**Work to complete:**
Restate, exactly and without pictures, the lines from the start of the listing below through the line holding "Barney and Quinn".

**Provided material:**

:::

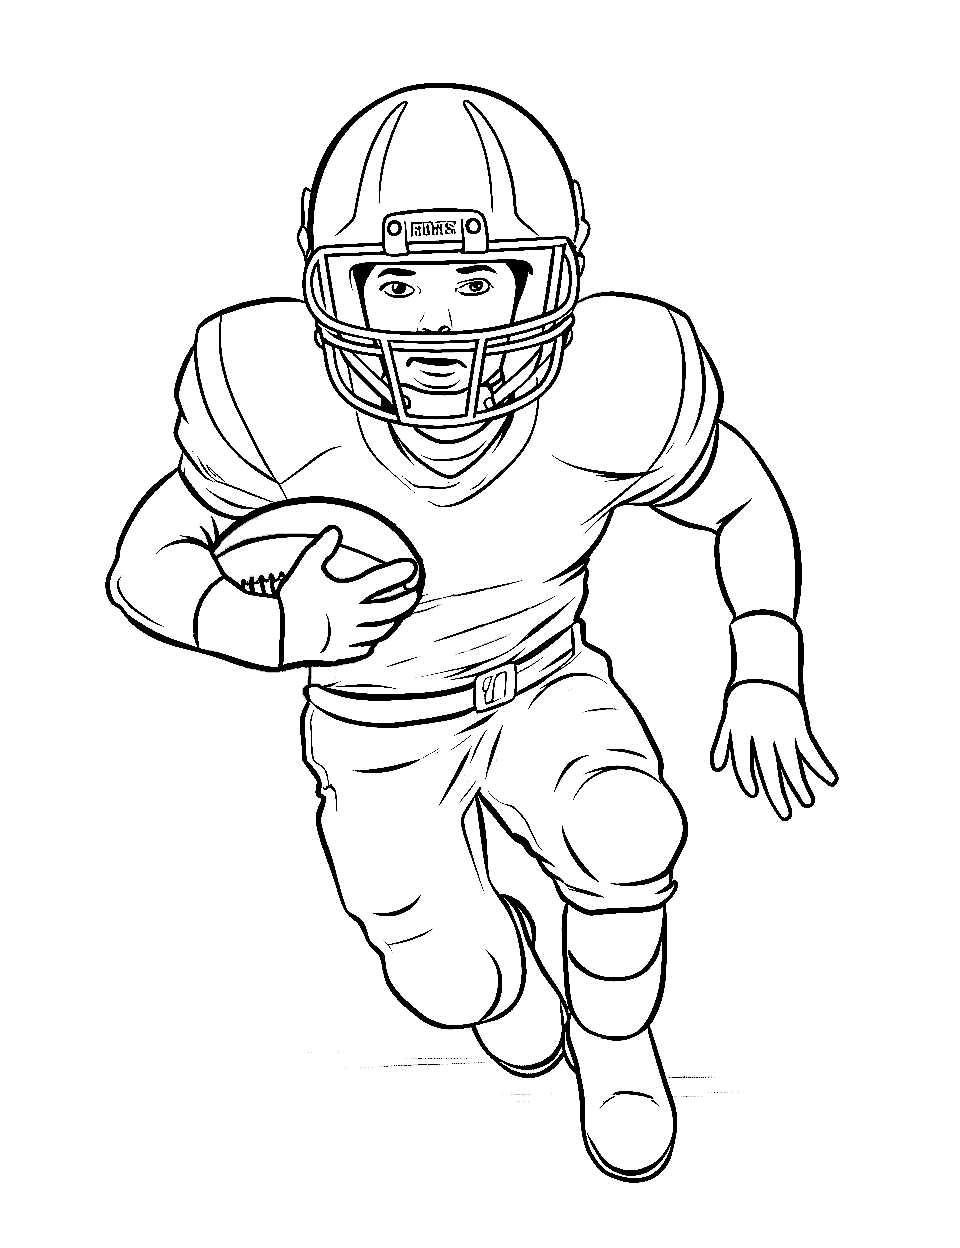 Rumbling Running Back Coloring Page - A running back charging down the field with a football tucked under one arm.
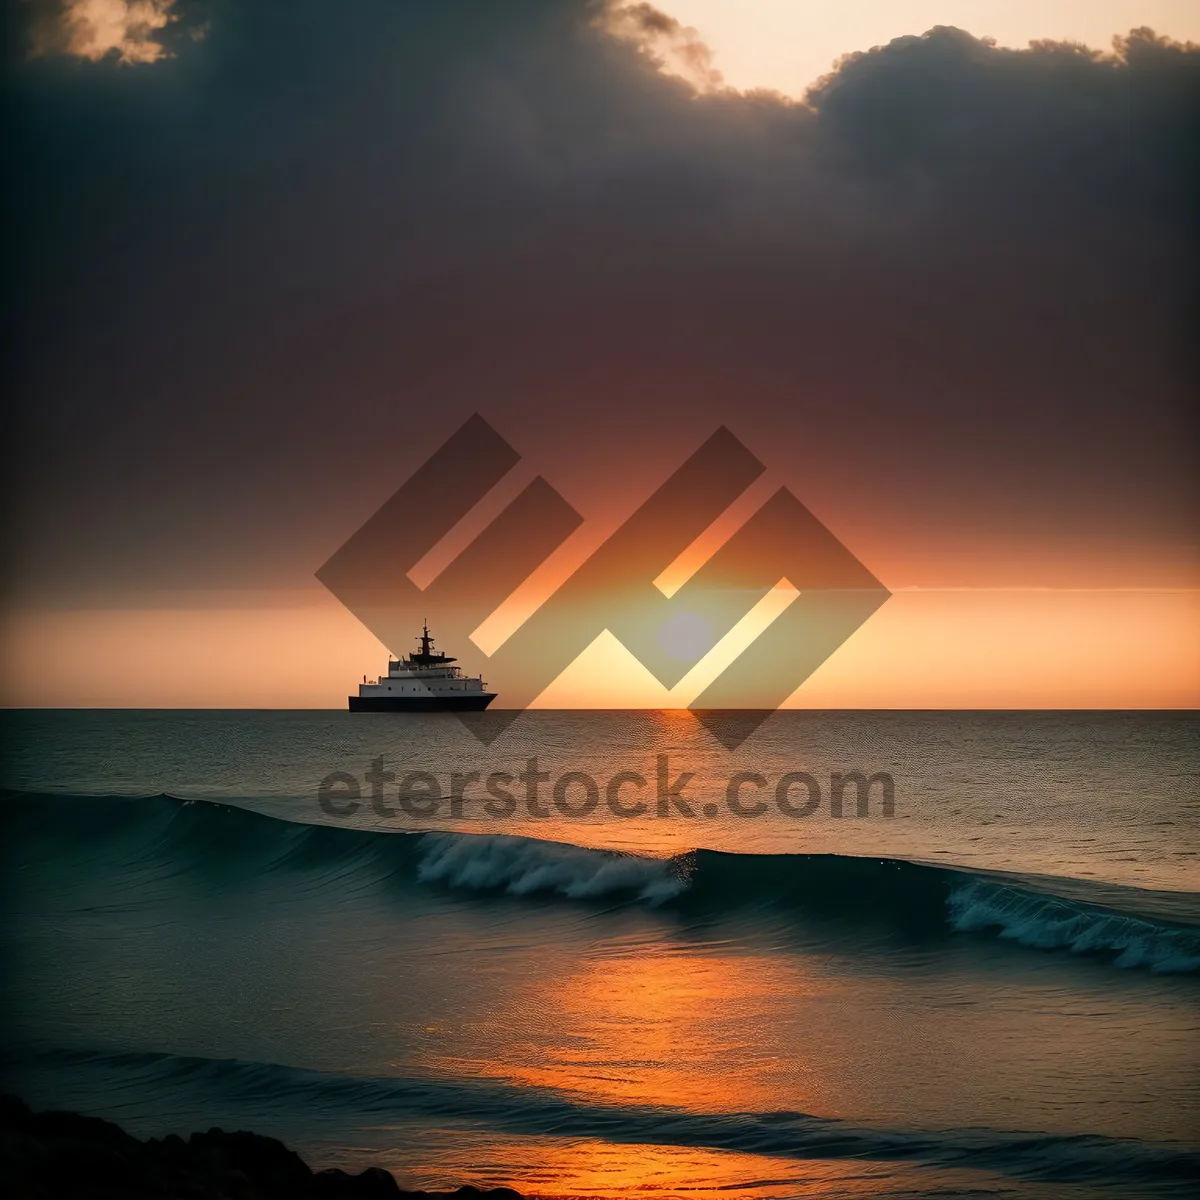 Picture of Coastal City Sunset over Ocean
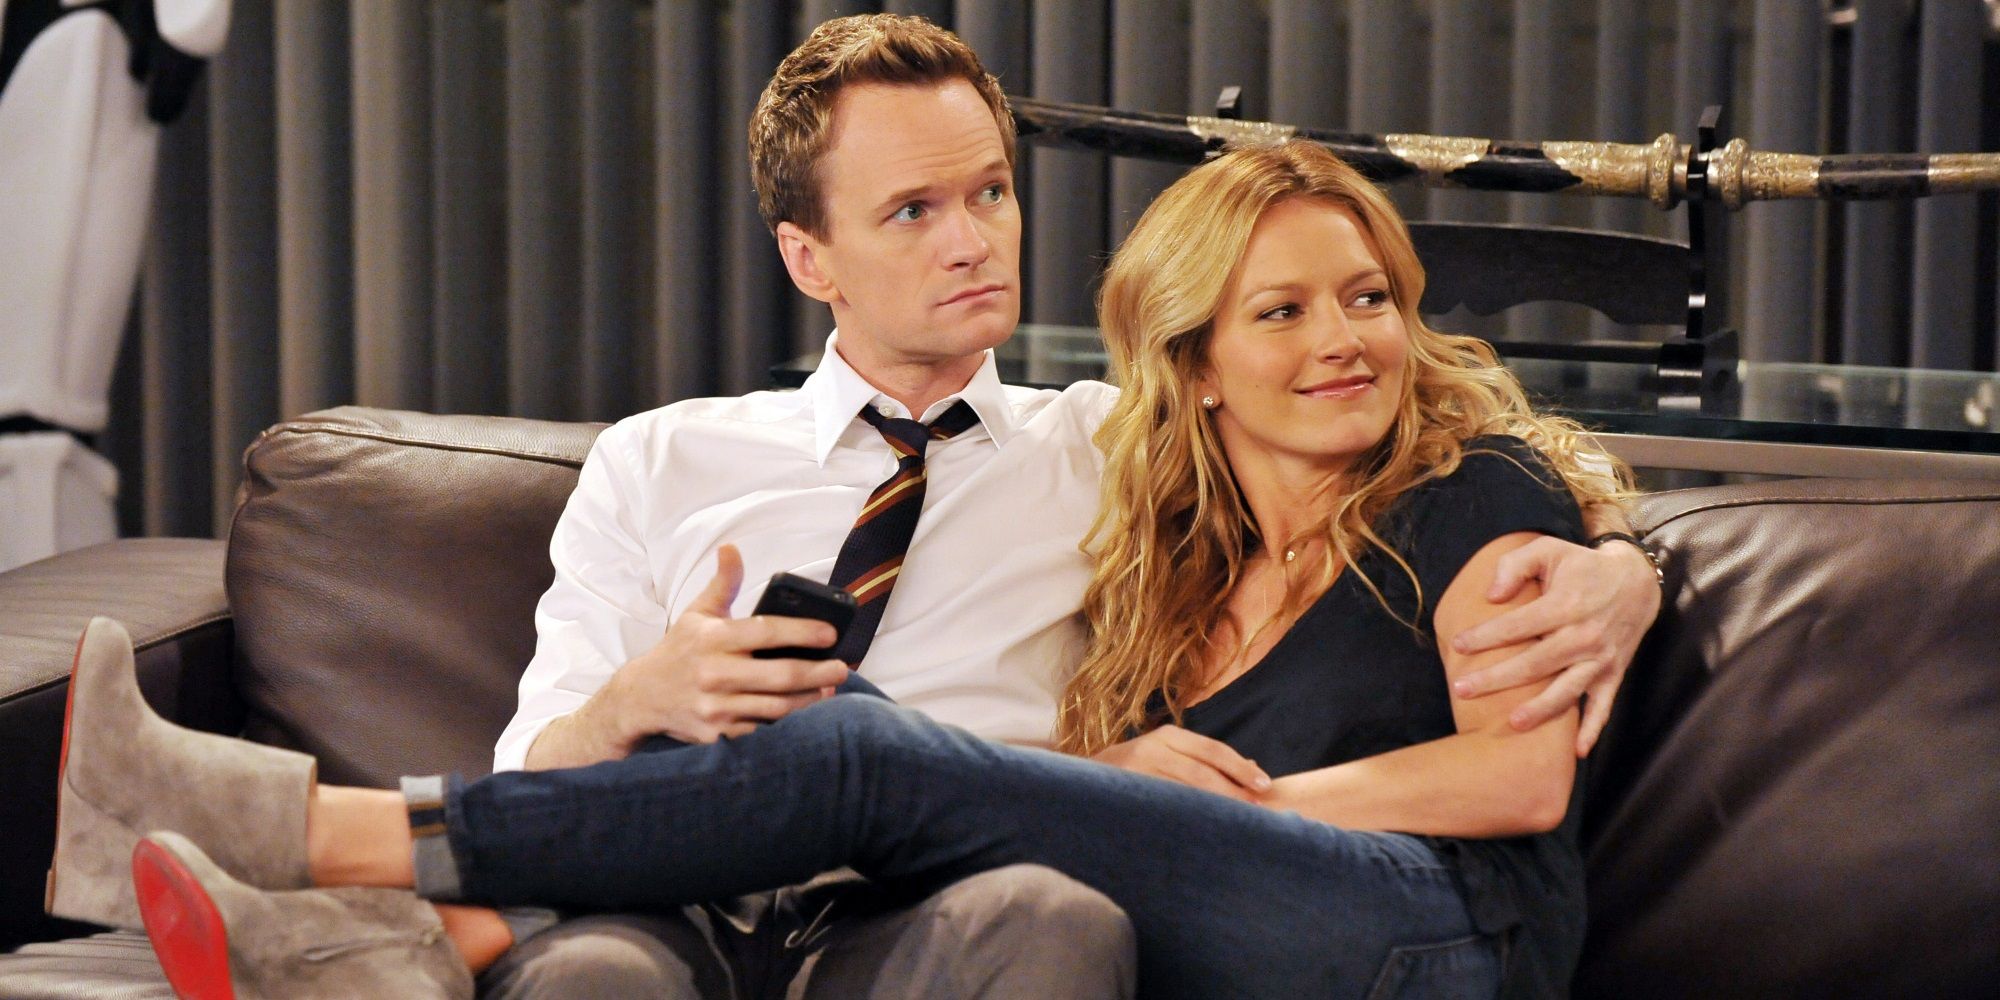 Barney and Quinn on the couch in How I Met Your Mother.
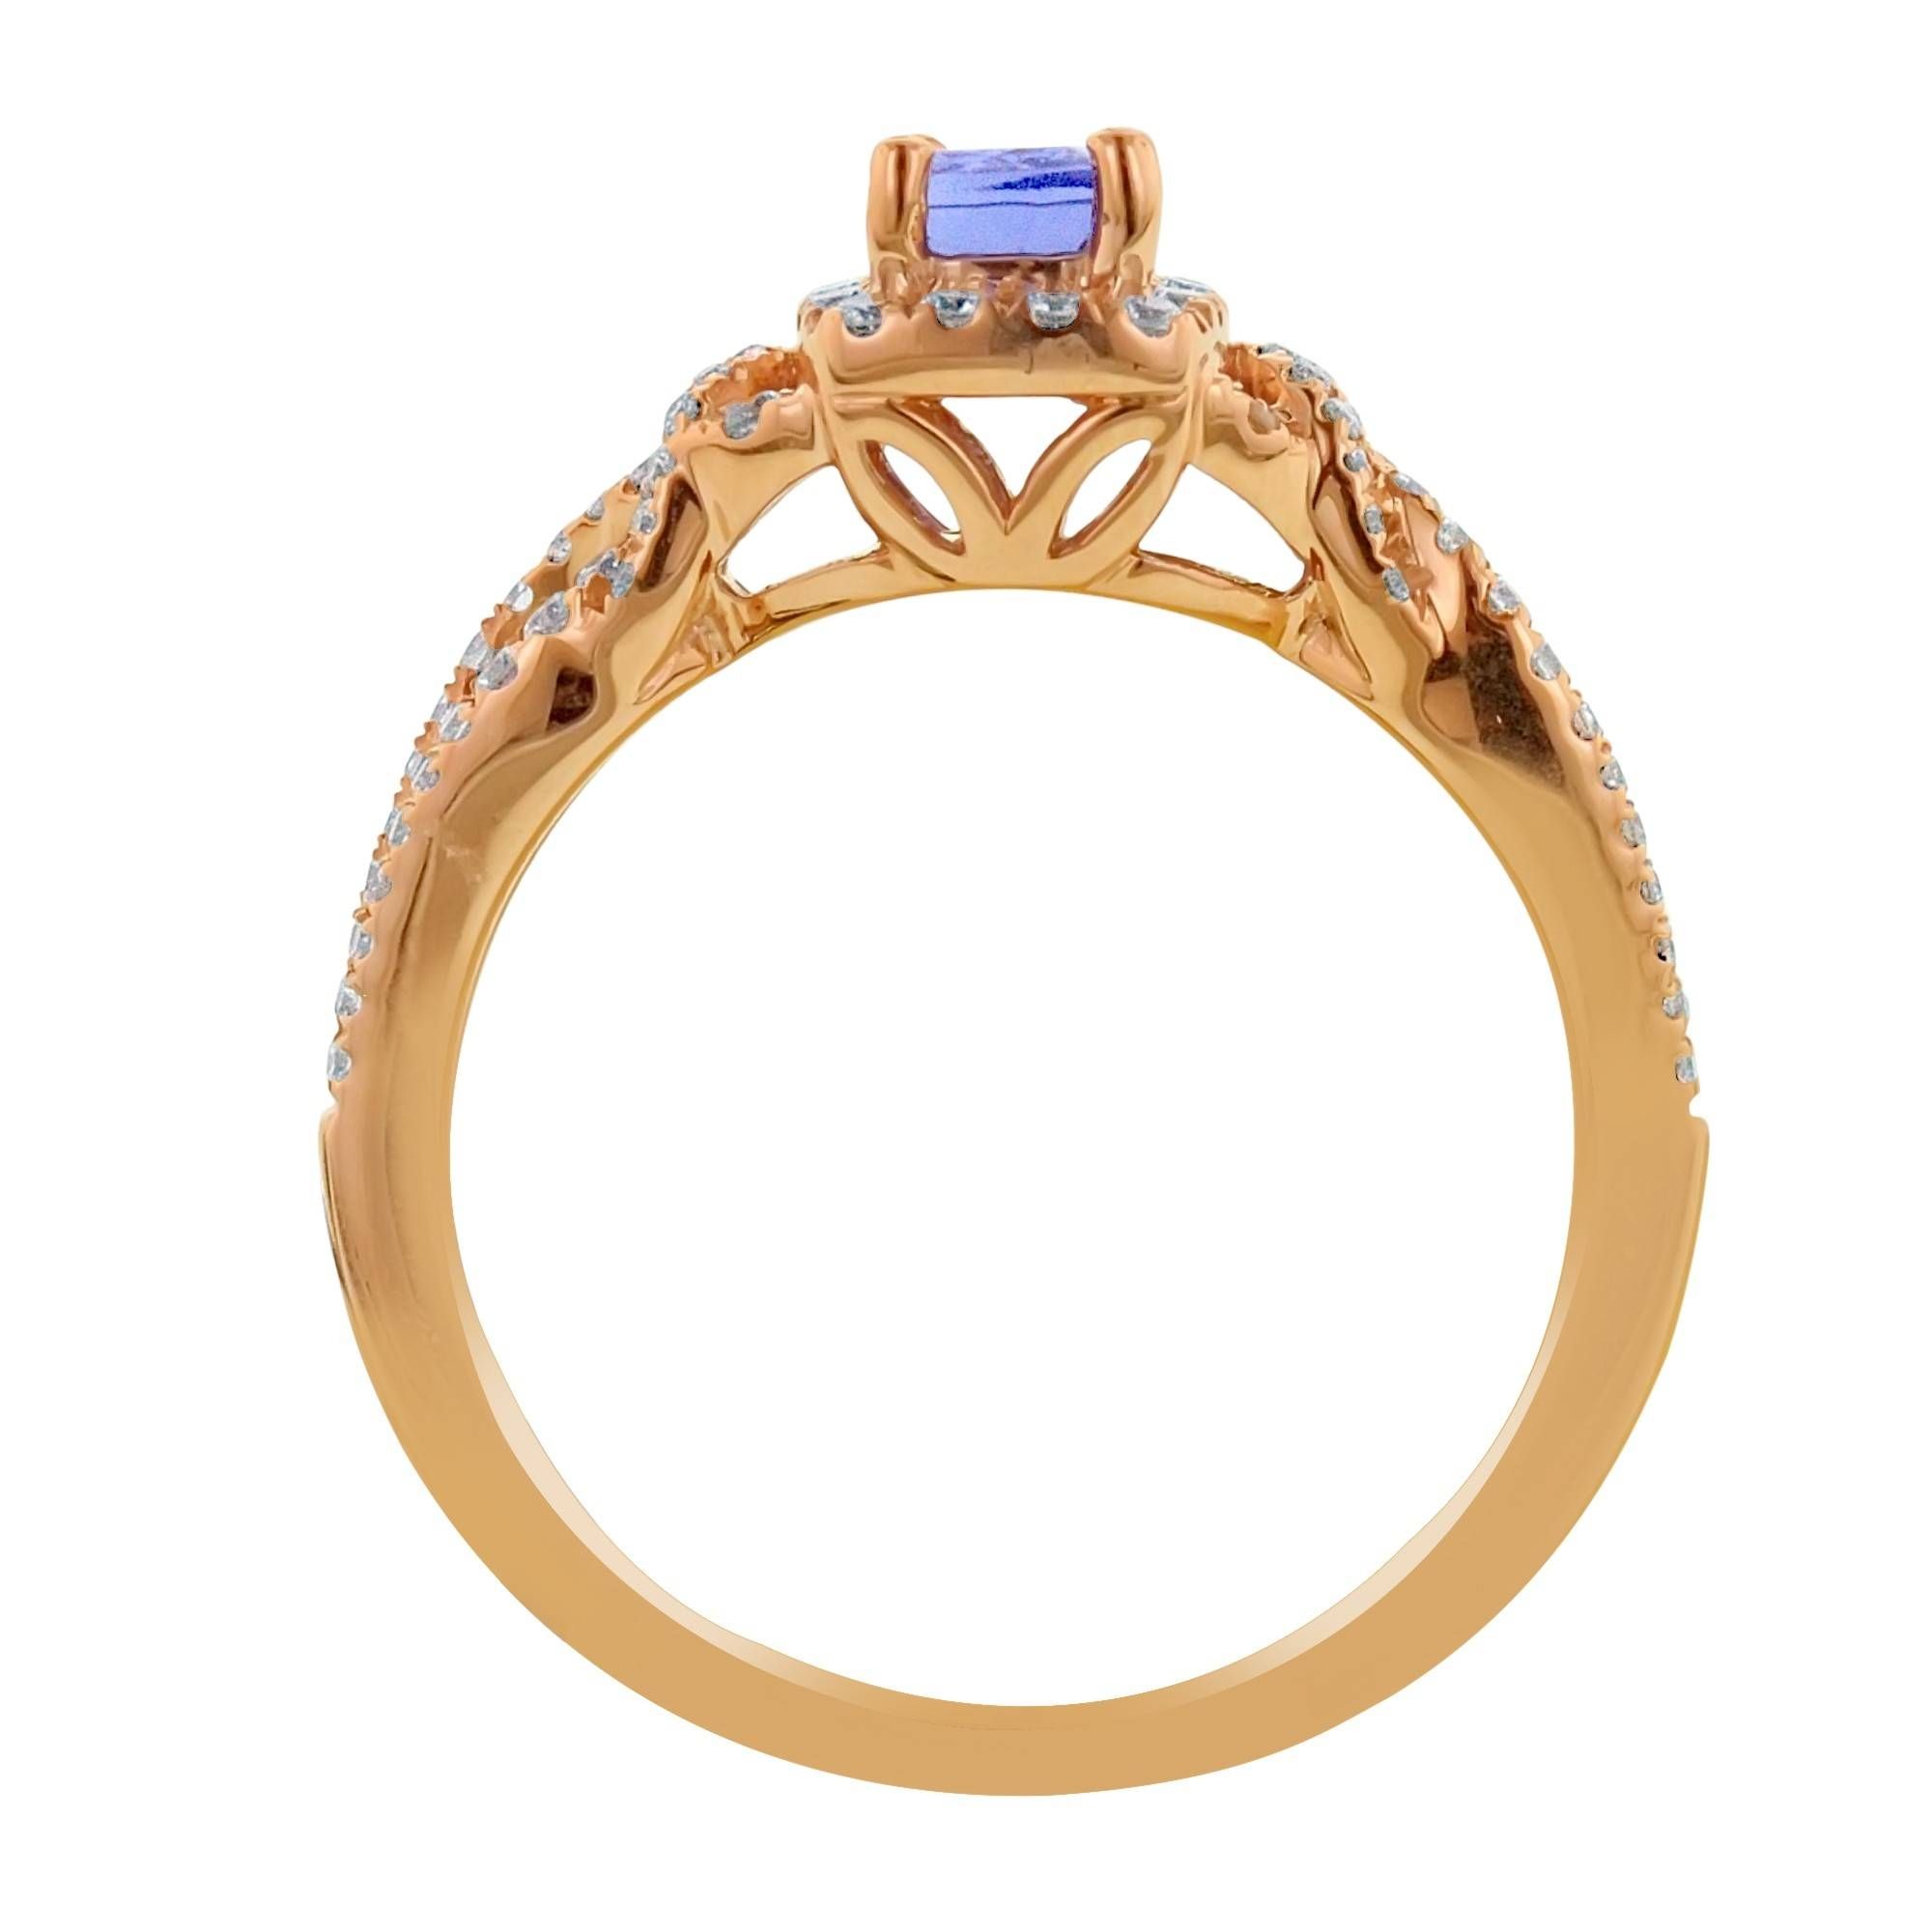 Le Vian Blueberry Tanzanite And Vanilla Diamond Ring In 14kt With Strawberry Gold Wedding Rings (View 10 of 15)

:::

**Output for this exercise:**
 Rumbling Running Back Coloring Page - A running back charging down the field with a football tucked under one arm.
 Picture of Coastal City Sunset over Ocean
 Barney and Quinn on the couch in How I Met Your Mother.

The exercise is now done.